Why haven't you tried a newer version from branch-2.5?
On Tue, Jan 17, 2017 at 07:59:05AM -0800, Vidyasagara Guntaka wrote:
> Hi Ben,
>
> Here i is more debug information related to this incident (still using
> version 2.5.0):
>
> Summary :
>
> We think that there is some race condition involved in processing OF
> Controller connections and Packet miss processing in ovs-vswitchd.
>
> Reasoning :
>
> Please consider the following GDB Debug Session:
>
> Breakpoint 1, ofconn_set_protocol (ofconn=0x16d5810,
> protocol=OFPUTIL_P_OF10_STD) at ofproto/connmgr.c:999
> (gdb) f 2
> #2 0x000000000045f586 in connmgr_wants_packet_in_on_miss (mgr=0x16a6de0) at
> ofproto/connmgr.c:1613
> 1613 enum ofputil_protocol protocol = ofconn_get_protocol(ofconn);
> (gdb) p *ofconn
> $2 = {node = {prev = 0x16a6e18, next = 0x16a6e18}, hmap_node = {hash = 0,
> next = 0x0}, connmgr = 0x16a6de0, rconn = 0x16edb50, type = OFCONN_SERVICE,
> band = OFPROTO_IN_BAND, enable_async_msgs = true,
> role = OFPCR12_ROLE_EQUAL, protocol = OFPUTIL_P_OF10_STD_TID,
> packet_in_format = NXPIF_OPENFLOW10, packet_in_counter = 0x167a170,
> schedulers = {0x0, 0x0}, pktbuf = 0x0, miss_send_len = 0,
> controller_id = 0, reply_counter = 0x1673190, master_async_config = {3, 7,
> 7, 0, 0, 0}, slave_async_config = {0, 7, 0, 0, 0, 0}, n_add = 0, n_delete =
> 0, n_modify = 0,
> first_op = -9223372036854775808, last_op = -9223372036854775808,
> next_op_report = 9223372036854775807, op_backoff = -9223372036854775808,
> monitors = {buckets = 0x16d58f0, one = 0x0, mask = 0,
> n = 0}, monitor_paused = 0, monitor_counter = 0x16759f0, updates = {prev
> = 0x16d5918, next = 0x16d5918}, sent_abbrev_update = false, bundles =
> {buckets = 0x16d5938, one = 0x0, mask = 0, n = 0}}
> (gdb) bt
> #0 ofconn_set_protocol (ofconn=0x16d5810, protocol=OFPUTIL_P_OF10_STD) at
> ofproto/connmgr.c:999
> #1 0x000000000045e194 in ofconn_get_protocol (ofconn=0x16d5810) at
> ofproto/connmgr.c:982
> #2 0x000000000045f586 in connmgr_wants_packet_in_on_miss (mgr=0x16a6de0) at
> ofproto/connmgr.c:1613
> #3 0x0000000000435261 in rule_dpif_lookup_from_table (ofproto=0x16a6880,
> version=323, flow=0x7f2ace7f86e8, wc=0x7f2ace7f84b0, stats=0x0,
> table_id=0x7f2ace7f7eda "", in_port=28, may_packet_in=true,
> honor_table_miss=true) at ofproto/ofproto-dpif.c:3973
> #4 0x0000000000457ecf in xlate_actions (xin=0x7f2ace7f86e0,
> xout=0x7f2ace7f8010) at ofproto/ofproto-dpif-xlate.c:5188
> #5 0x00000000004481b1 in revalidate_ukey (udpif=0x16a7300,
> ukey=0x7f2ab80060e0, stats=0x7f2ace7f94e0, odp_actions=0x7f2ace7f8a40,
> reval_seq=585728, recircs=0x7f2ace7f8a30)

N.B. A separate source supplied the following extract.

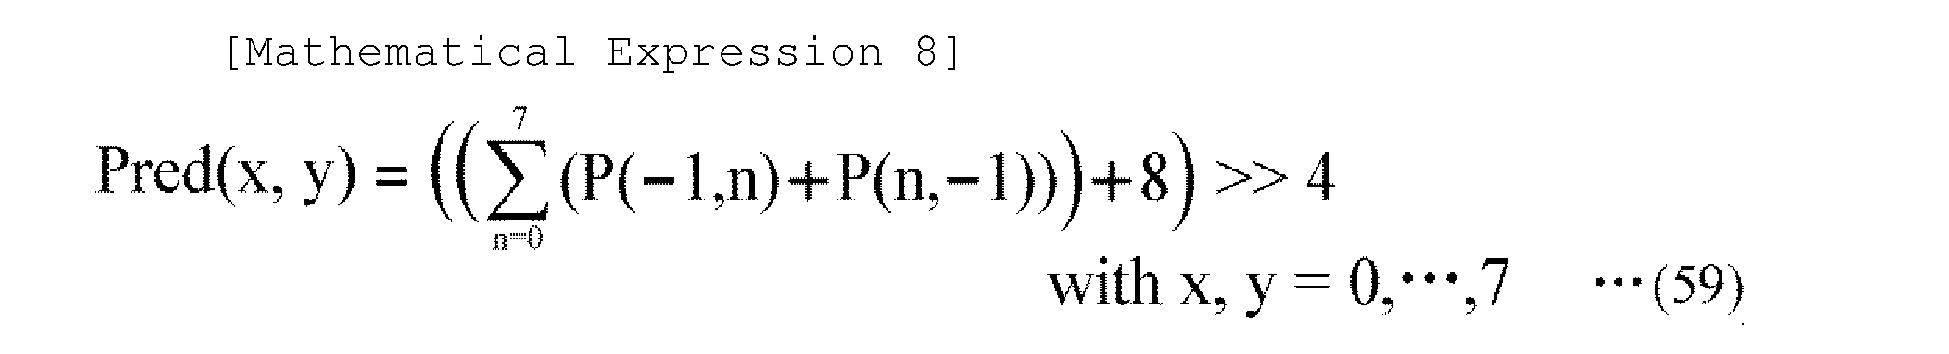 Figure imgb0065
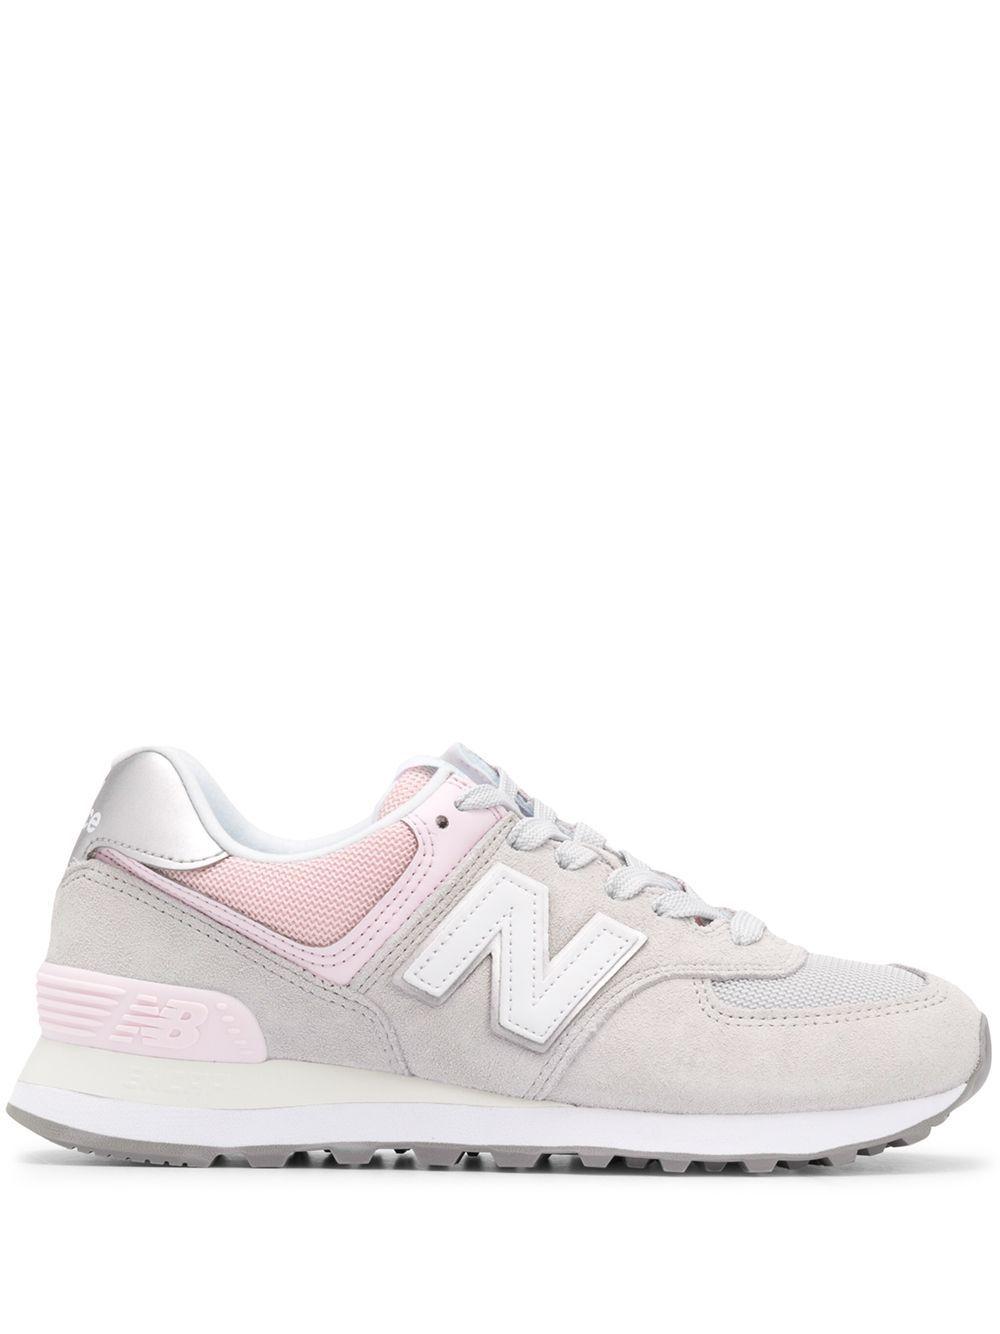 new balance 574 gris rosa

> at ofproto/ofproto-dpif-upcall.c:1866
> #6 0x0000000000448fb2 in revalidate (revalidator=0x1691990) at
> ofproto/ofproto-dpif-upcall.c:2186
> #7 0x000000000044593e in udpif_revalidator (arg=0x1691990) at
> ofproto/ofproto-dpif-upcall.c:862
> #8 0x000000000050b93d in ovsthread_wrapper (aux_=0x16f4560) at
> lib/ovs-thread.c:340
> #9 0x00007f2ad75c2184 in start_thread () from
> /lib/x86_64-linux-gnu/libpthread.so.0
> #10 0x00007f2ad6de137d in clone () from /lib/x86_64-linux-gnu/libc.so.6
> (gdb) f 1
> #1 0x000000000045e194 in ofconn_get_protocol (ofconn=0x16d5810) at
> ofproto/connmgr.c:982
> 982 ofconn_set_protocol(CONST_CAST(struct ofconn *, ofconn),
> (gdb) l
> 977 {
> 978 if (ofconn->protocol == OFPUTIL_P_NONE &&
> 979 rconn_is_connected(ofconn->rconn)) {
> 980 int version = rconn_get_version(ofconn->rconn);
> 981 if (version > 0) {
> 982 ofconn_set_protocol(CONST_CAST(struct ofconn *, ofconn),
> 983
> ofputil_protocol_from_ofp_version(version));
> 984 }
> 985 }
> 986
> (gdb) p *ofconn
> $3 = {node = {prev = 0x16a6e18, next = 0x16a6e18}, hmap_node = {hash = 0,
> next = 0x0}, connmgr = 0x16a6de0, rconn = 0x16edb50, type = OFCONN_SERVICE,
> band = OFPROTO_IN_BAND, enable_async_msgs = true,
> role = OFPCR12_ROLE_EQUAL, protocol = OFPUTIL_P_OF10_STD_TID,
> packet_in_format = NXPIF_OPENFLOW10, packet_in_counter = 0x167a170,
> schedulers = {0x0, 0x0}, pktbuf = 0x0, miss_send_len = 0,
> controller_id = 0, reply_counter = 0x1673190, master_async_config = {3, 7,
> 7, 0, 0, 0}, slave_async_config = {0, 7, 0, 0, 0, 0}, n_add = 0, n_delete =
> 0, n_modify = 0,
> first_op = -9223372036854775808, last_op = -9223372036854775808,
> next_op_report = 9223372036854775807, op_backoff = -9223372036854775808,
> monitors = {buckets = 0x16d58f0, one = 0x0, mask = 0,
> n = 0}, monitor_paused = 0, monitor_counter = 0x16759f0, updates = {prev
> = 0x16d5918, next = 0x16d5918}, sent_abbrev_update = false, bundles =
> {buckets = 0x16d5938, one = 0x0, mask = 0, n = 0}}
> (gdb) p ofconn
> $4 = (const struct ofconn *) 0x16d5810
> (gdb) c
> Continuing.
> [Thread 0x7f2ad79f5980 (LWP 20165) exited]
>
> From the above GDB Session, ovs-vswitchd is in the middle of processing a
> packet miss that was read from the data path.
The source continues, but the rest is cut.